Figura 4: Imagen de calcio del LCG con estimulación eléctrica proporcionada por un electrodo de 25 μm de diámetro. (A) Proyección máxima de una película time-lapse de 60 s y (B) proyección de desviación estándar que muestra claramente las células que responden a los estímulos eléctricos de un electrodo poroso basado en grafeno de 25 μm de diámetro. El electrodo estimulante se indica con un asterisco. Barra de escala: 50 μm. Haga clic aquí para ver una versión más grande de esta figura.
Análisis de la dinámica del calcio a lo largo del tiempo tras la estimulación controlada
Para cada soma celular identificado, se extrajeron los valores medios de intensidad a lo largo del tiempo. La Figura 5A muestra las trazas de calcio corregidas por fotoblanqueo de las células que responden. En este ejemplo, se entregaron cinco ráfagas de trenes de impulsos bifásicos (primero catódico, 40 ciclos, 1 ms de duración, 2 μA de amplitud) cada 10 s (indicados por líneas negras) durante una adquisición de imágenes de 60 s. Dentro de un experimento dado, se aplican los mismos cinco trenes de pulsos para probar la consistencia de la respuesta. Los fotogramas capturados durante los períodos no estimulantes (resaltados en rojo) se utilizan para realizar un ajuste lineal, corrigiendo el efecto de fotodecoloración.
Una vez que se identifican las células que responden y se conocen sus coordenadas (x,y) en relación con el electrodo de estimulación, se puede examinar la relación entre la corriente requerida para activar las células y la distancia desde el electrodo de estimulación (Figura 5B). Como era de esperar, las celdas ubicadas más cerca del electrodo estimulante requieren valores de corriente más bajos para evocar una respuesta.

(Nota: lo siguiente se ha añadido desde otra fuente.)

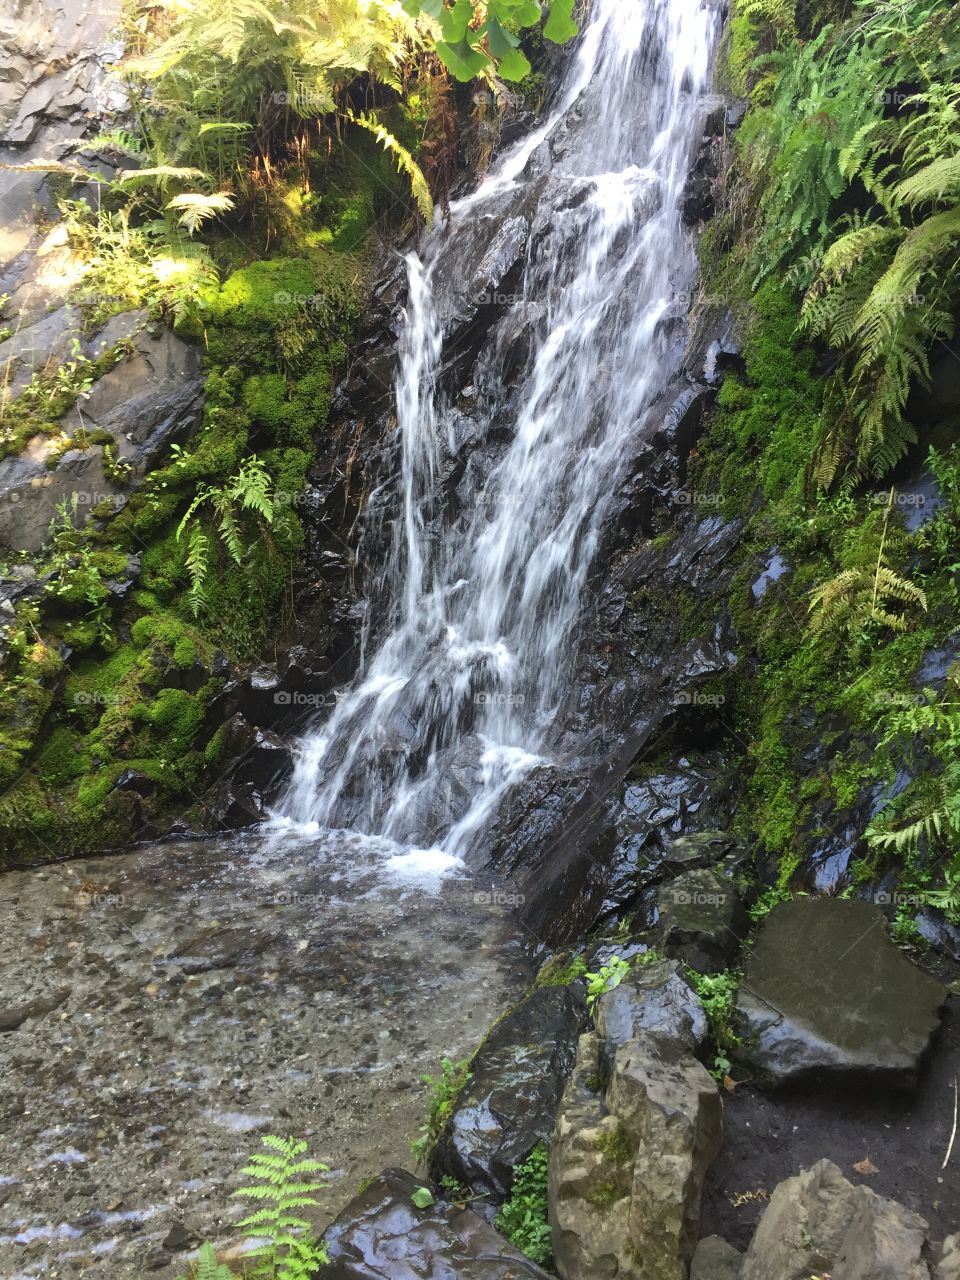 The waterfall in the main quarry garden at Queen Elizabeth Park in Vancouver, British Columbia.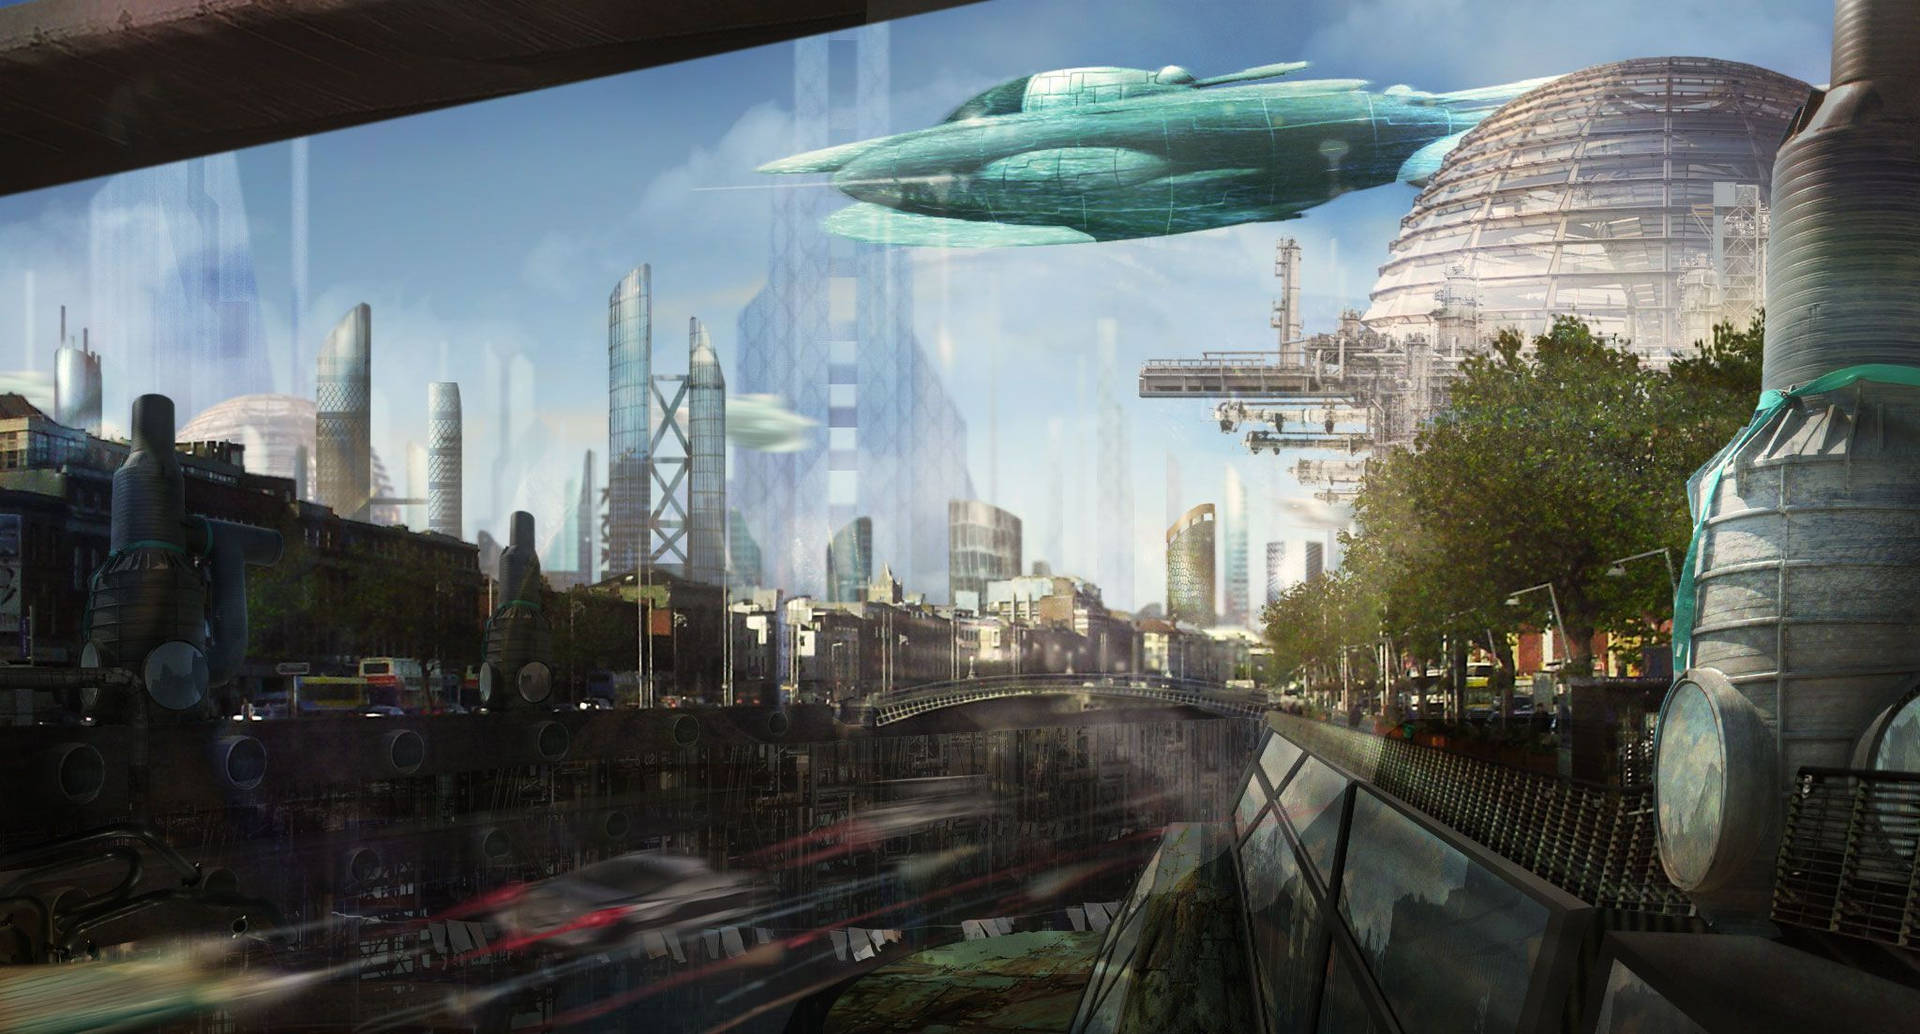 Futuristic City With Air Shuttle

Figura 5: Representación de las respuestas evocadas eléctricamente. (A) Trazas de calcio de somas celulares tras 5 ráfagas de trenes de pulsos (bifásicos, catódicos primero, 40 ciclos, 1 ms de duración, 2 μA de amplitud) cada 10 s (líneas negras) durante una adquisición de imágenes de 60 s. Se muestran los períodos no estimulantes (fotogramas resaltados en rojo) y estimulantes (fotogramas resaltados en amarillo). Las trazas que superan la señal basal (raíz cuadrada media de los períodos no estimulantes) en 2,5 veces se consideran respuestas evocadas. Las células que responden en tres de los cinco períodos de estimulación se clasifican como células que responden. (B) Mapa de distribución de la actividad del calcio que muestra el electrodo estimulante (círculo delineado en negro) y las células (círculo delineado en gris). El código de colores representa la amplitud de pulso mínima necesaria para evocar una respuesta celular. Haga clic aquí para ver una versión más grande de esta figura.
Vídeo 1: Imagen de calcio del LCG con estimulación eléctrica proporcionada por un electrodo de 25 μm de diámetro. El vídeo muestra las diferencias en la intensidad de la fluorescencia debidas a la estimulación eléctrica de un electrodo poroso basado en grafeno de 25 μm de diámetro. El lado izquierdo muestra la película original y el lado derecho muestra la proyección de la desviación estándar donde se pueden identificar fácilmente las celdas que responden. Barra de escala: 50 μm. Haga clic aquí para descargar este video.